* WHAT IS REQUIRED
All of the listing is to be written out word for word, with the pictures left out.

:: SOURCE MATERIAL

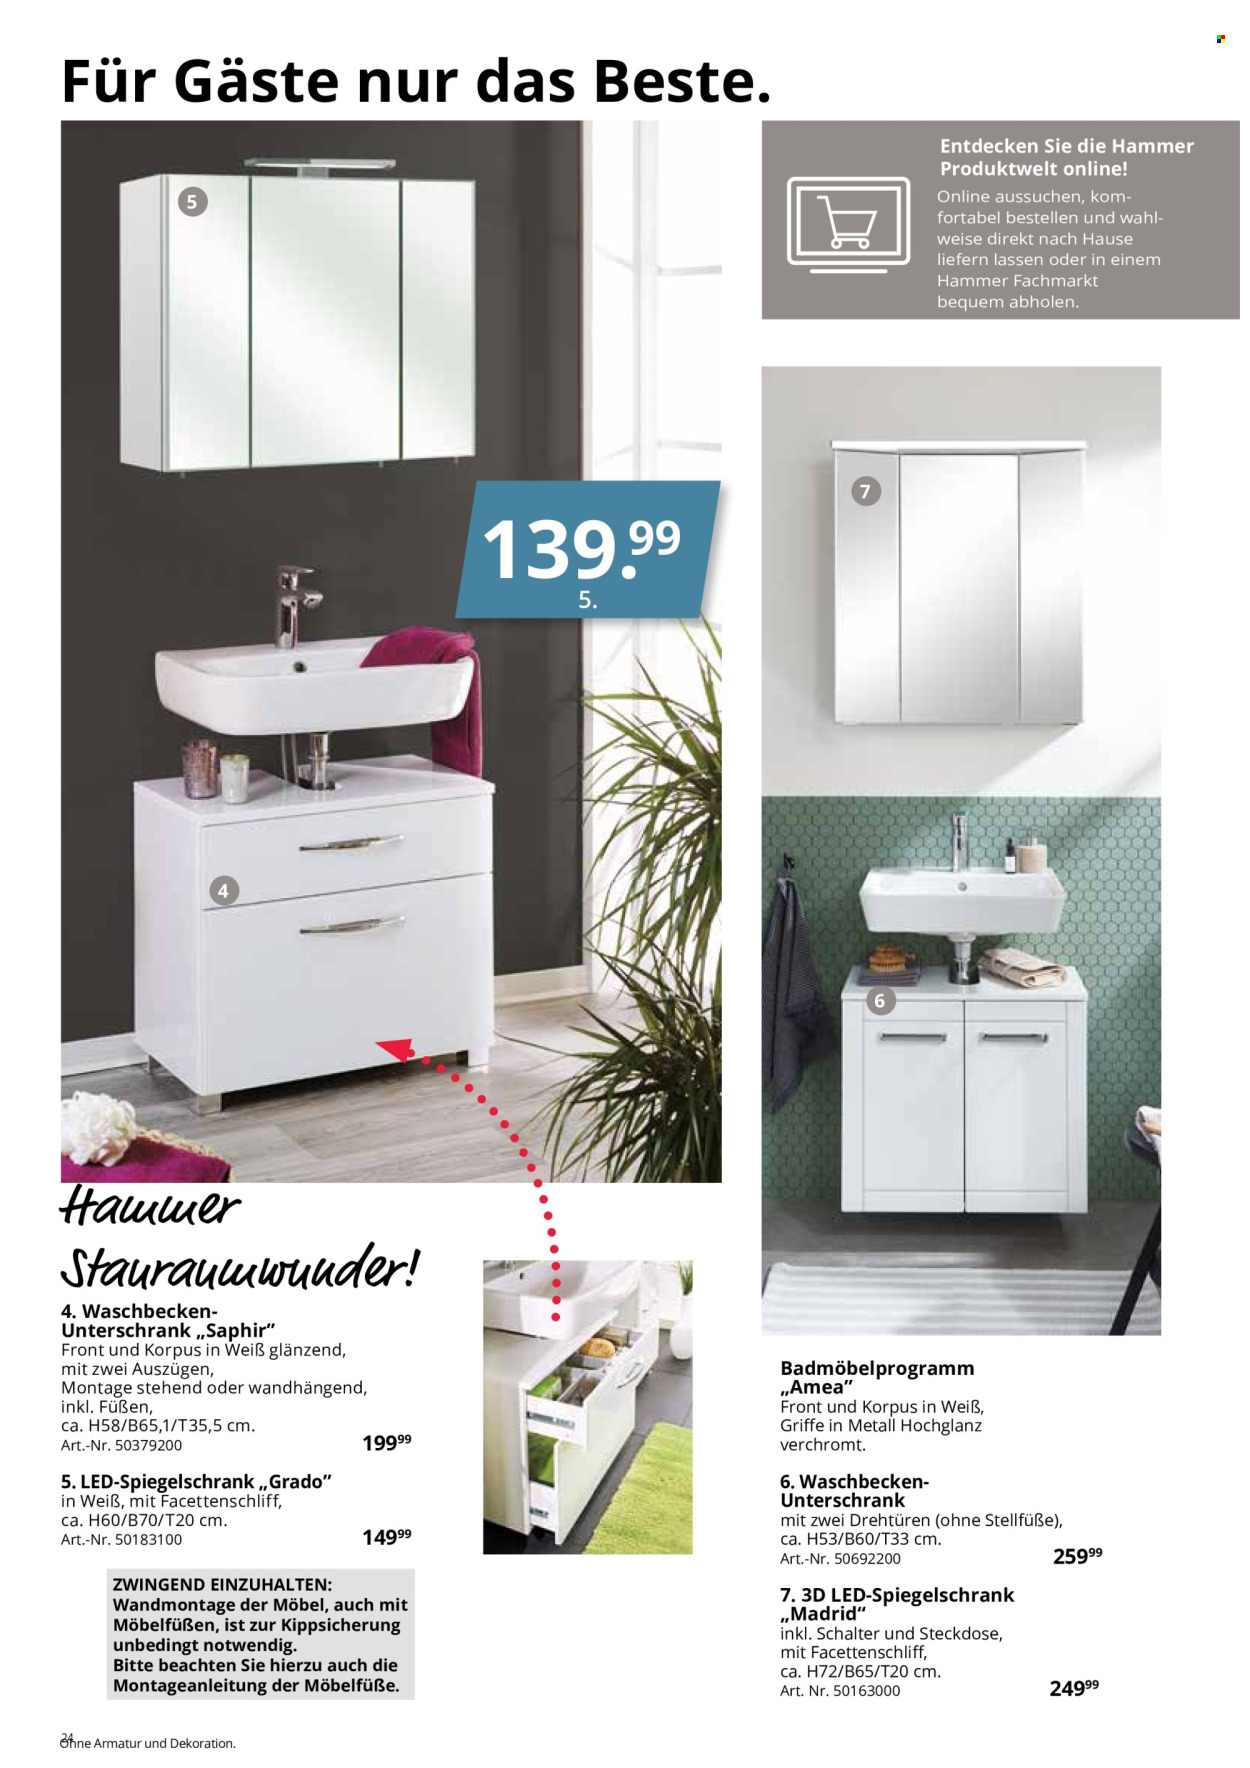 thumbnail - Prospekte Hammer - Produkte in Aktion - Waschbeckenunterschrank, Spiegelschrank, Bademöbel, Dekoration, Steckdose, Hammer. Seite 24.
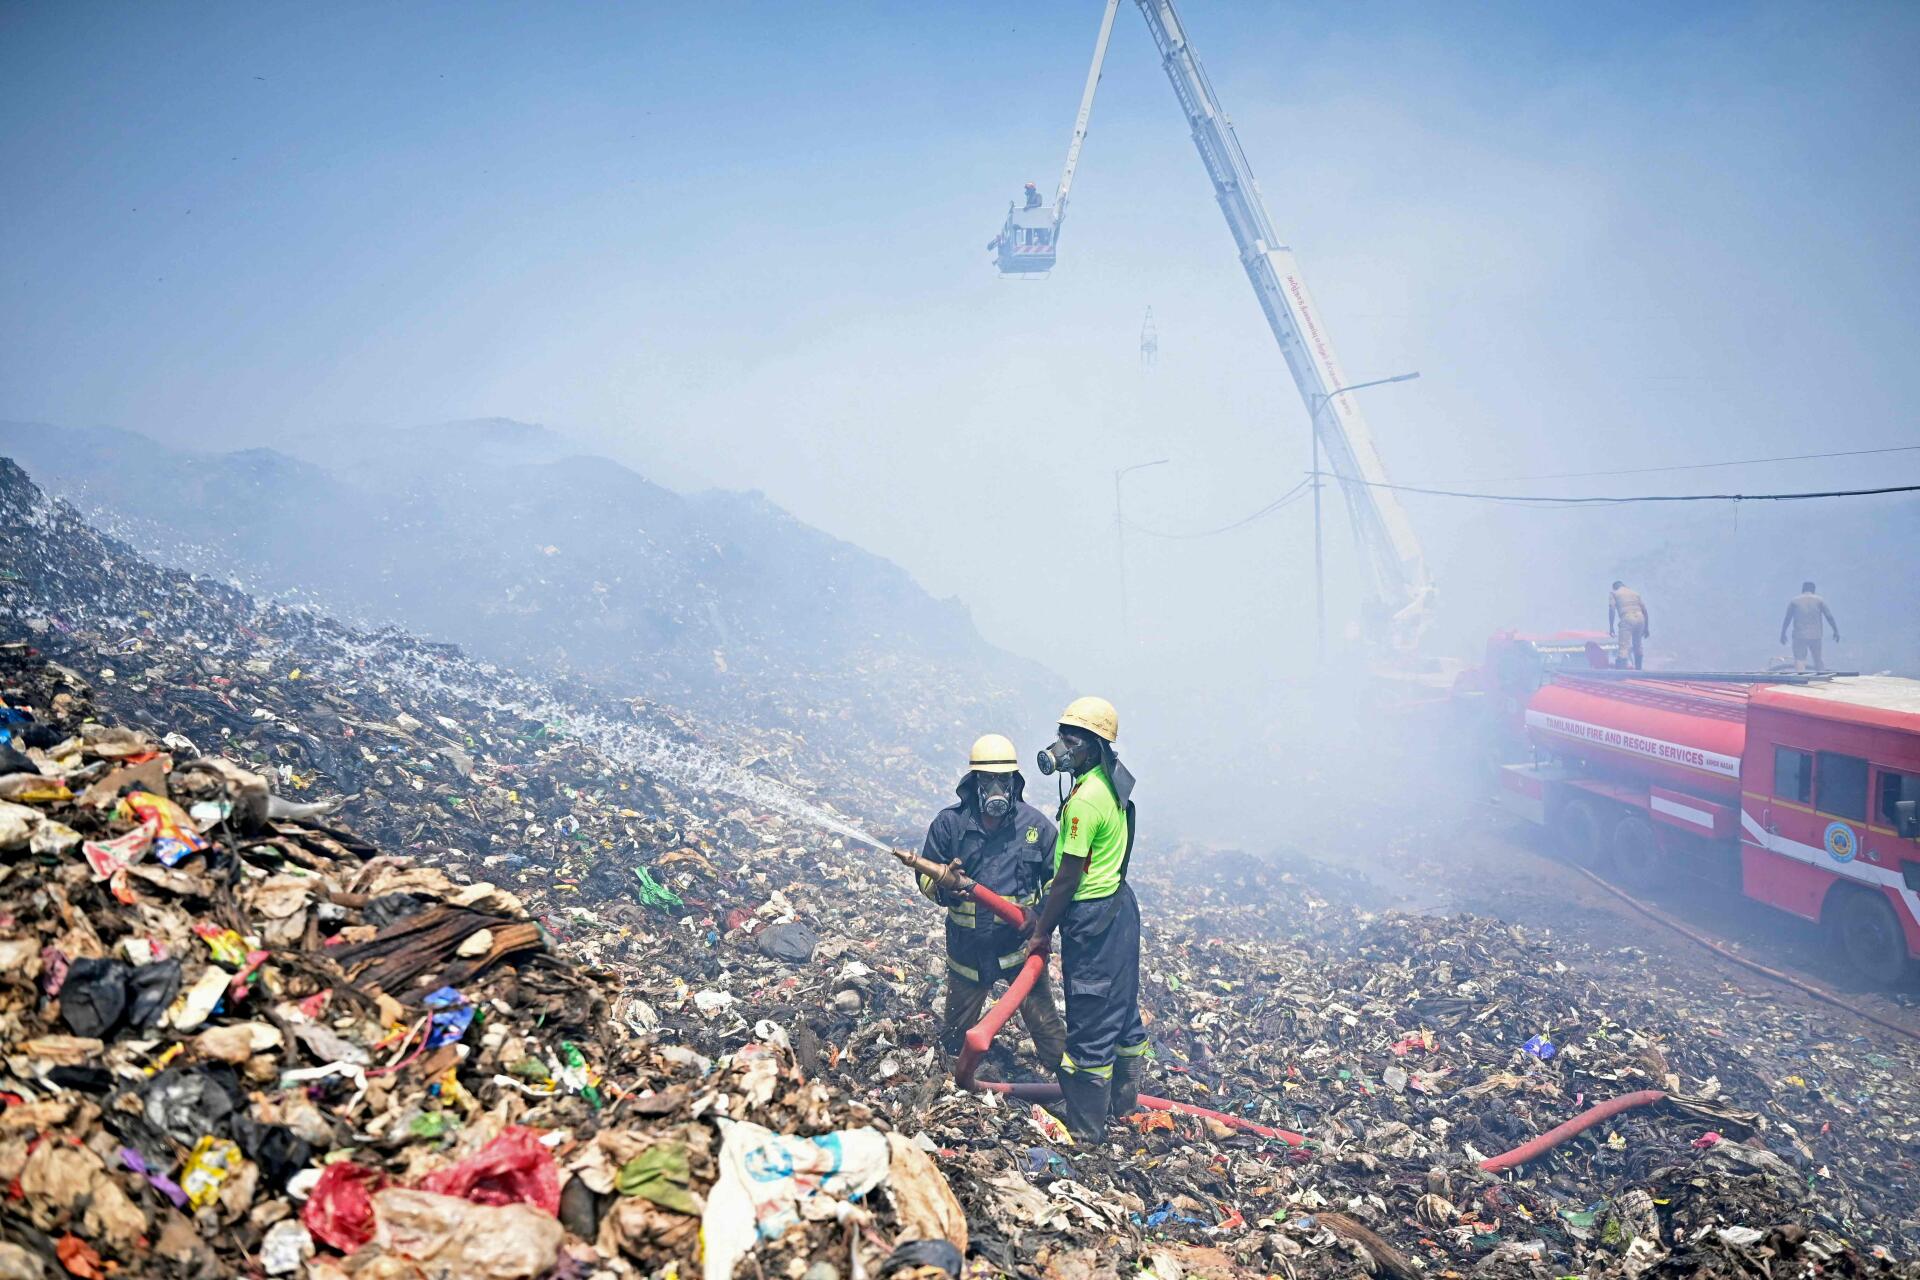 El 29 de abril de 2022, se produjo un incendio en el depósito de basura de Perungudi en Chennai, Tamil Nadu, y los bomberos intentan extinguir los desechos en llamas.
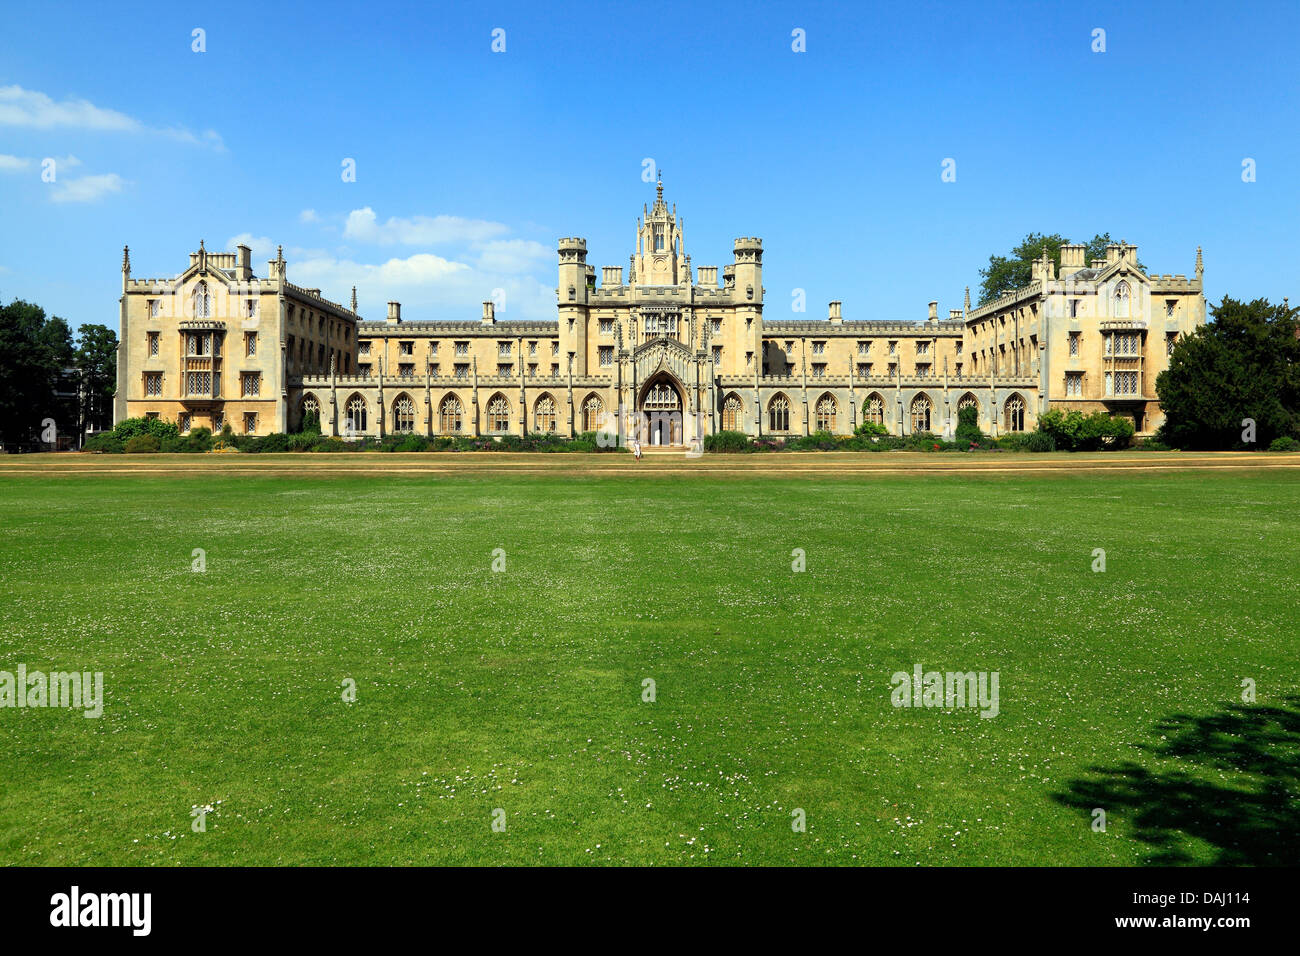 Saint John's College, Cambridge, Angleterre, Royaume-Uni Université universités collèges anglais Banque D'Images

::::

* REPLY
 thumbnail - Prospekte Hammer - Produkte in Aktion - Waschbeckenunterschrank, Spiegelschrank, Bademöbel, Dekoration, Steckdose, Hammer. Seite 24.
 El 29 de abril de 2022, se produjo un incendio en el depósito de basura de Perungudi en Chennai, Tamil Nadu, y los bomberos intentan extinguir los desechos en llamas.
 Saint John's College, Cambridge, Angleterre, Royaume-Uni Université universités collèges anglais Banque D'Images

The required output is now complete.